▶ [Problem details]: Omit all images, then repeat exactly the lines below from the one containing "Nord-Süd-Achse: Kreis Recklinghausen" through the one containing "壁紙 19x1080 鳥類", both ends included.

▶ [Records to use]:
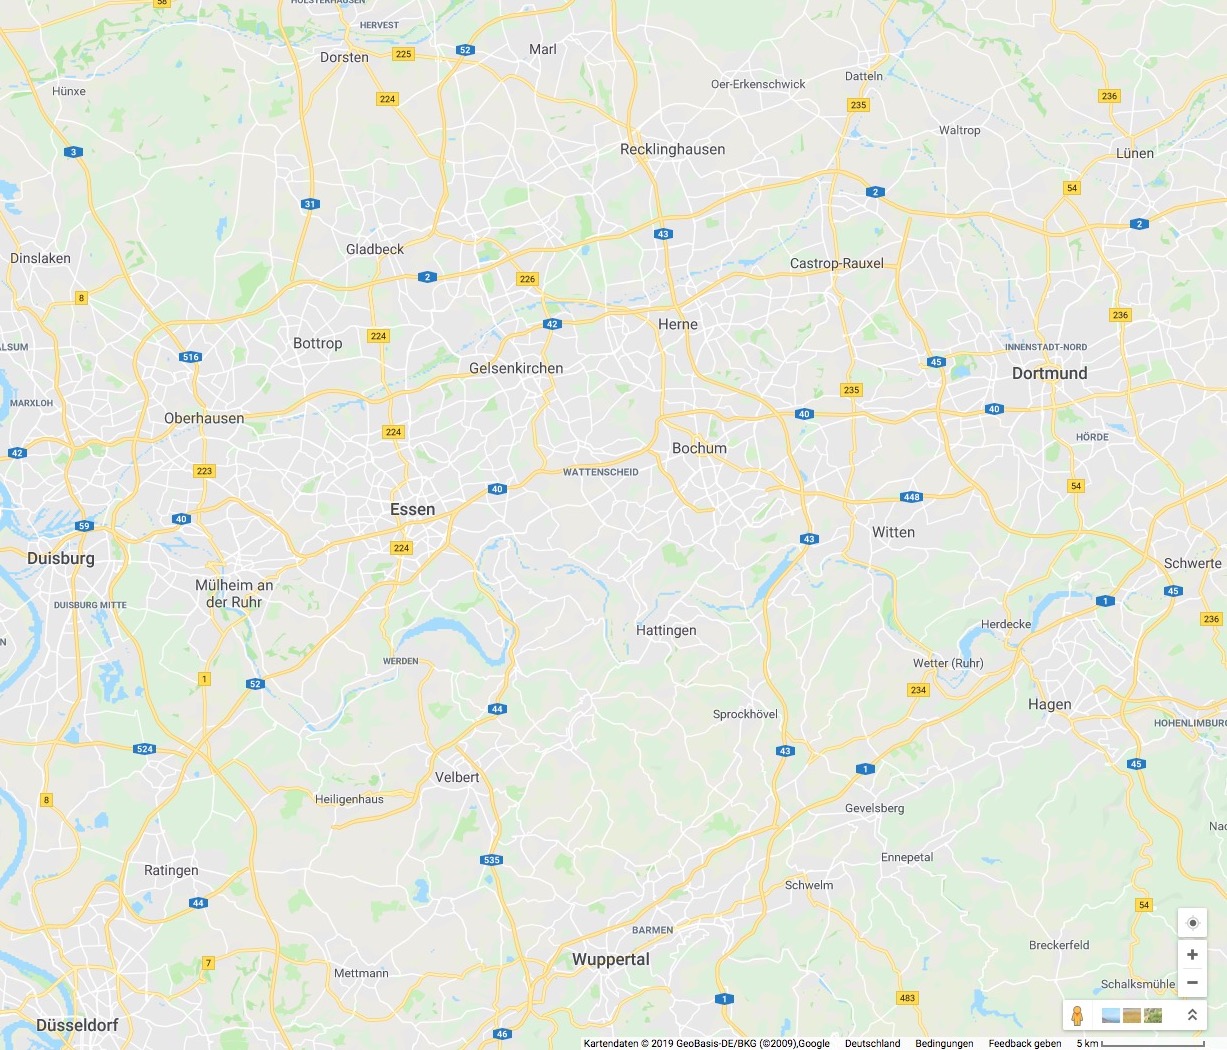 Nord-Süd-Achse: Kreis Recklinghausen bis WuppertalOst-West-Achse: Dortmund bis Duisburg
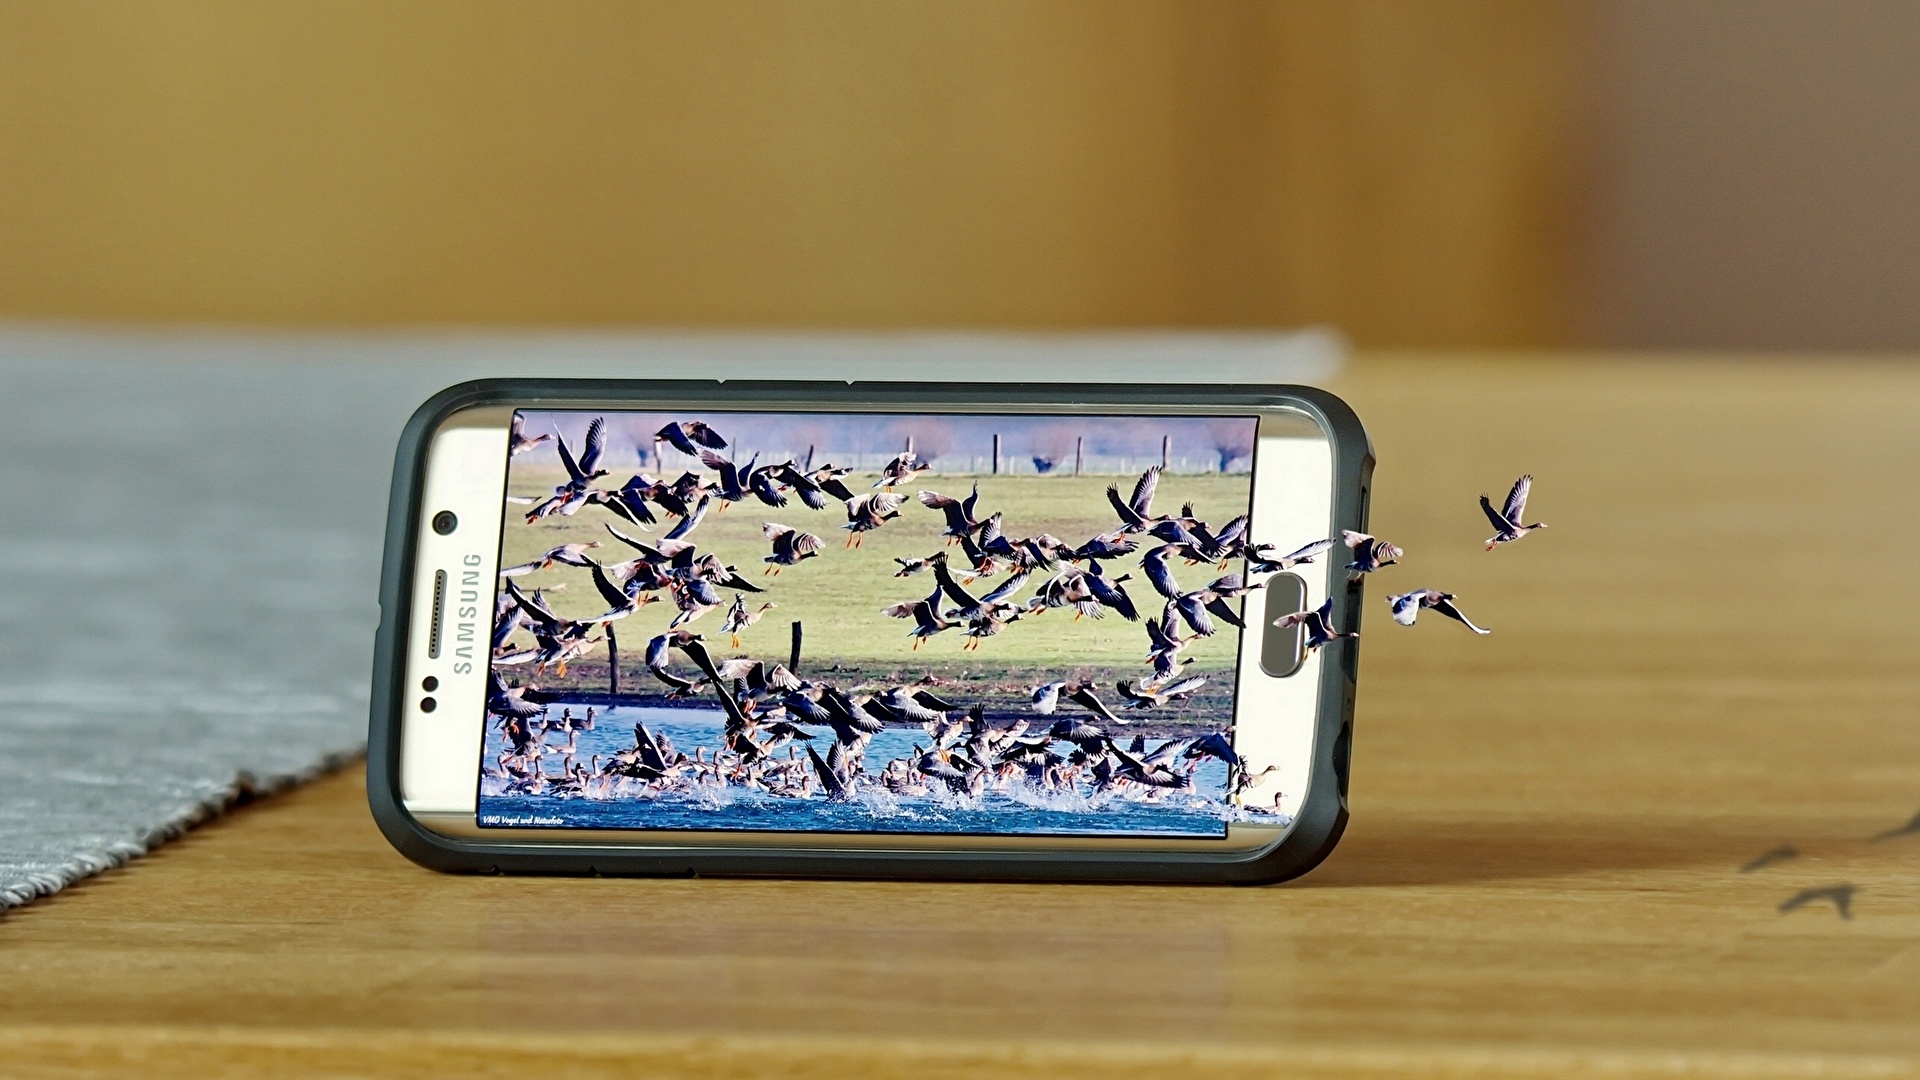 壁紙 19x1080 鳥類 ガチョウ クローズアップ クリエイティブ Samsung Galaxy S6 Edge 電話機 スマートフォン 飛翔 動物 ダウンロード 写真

* * *

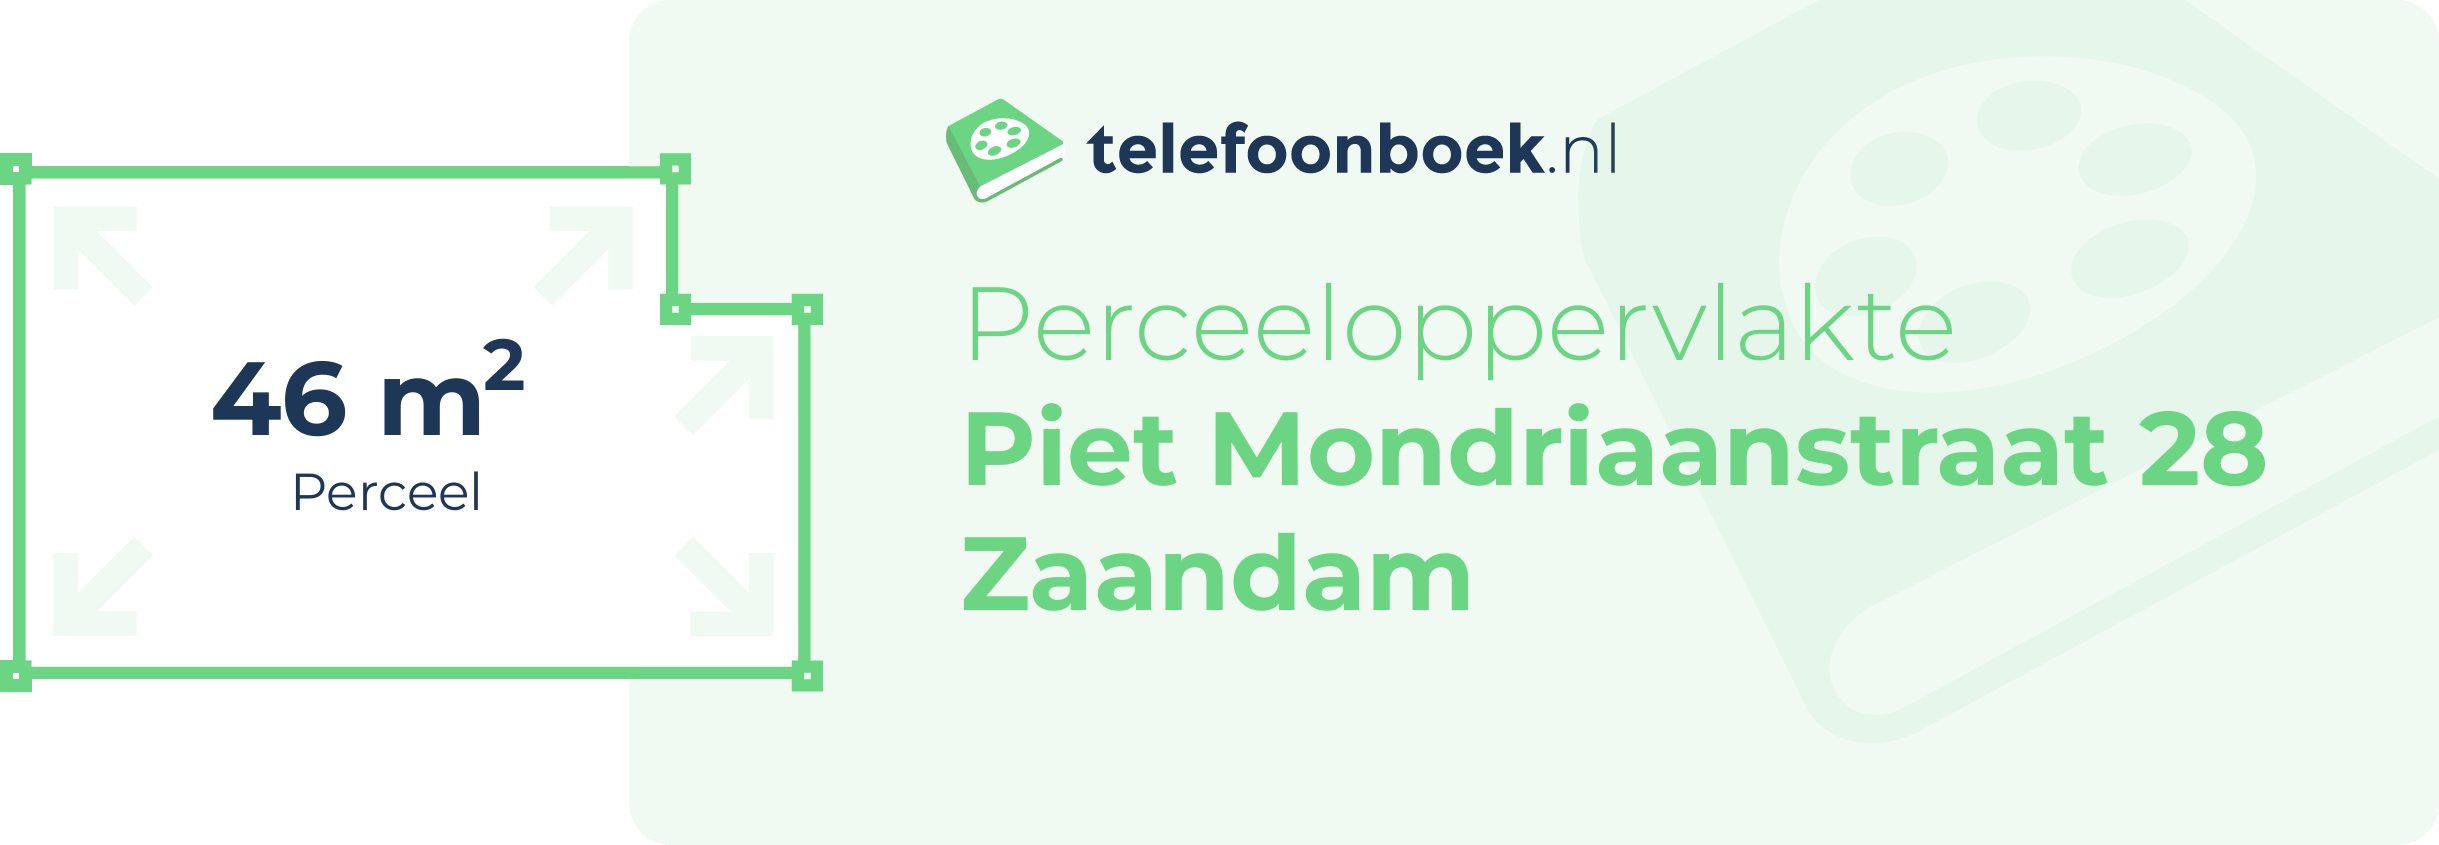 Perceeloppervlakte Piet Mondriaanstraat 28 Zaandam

▶ [Solved problem]:
 Nord-Süd-Achse: Kreis Recklinghausen bis WuppertalOst-West-Achse: Dortmund bis Duisburg
 壁紙 19x1080 鳥類 ガチョウ クローズアップ クリエイティブ Samsung Galaxy S6 Edge 電話機 スマートフォン 飛翔 動物 ダウンロード 写真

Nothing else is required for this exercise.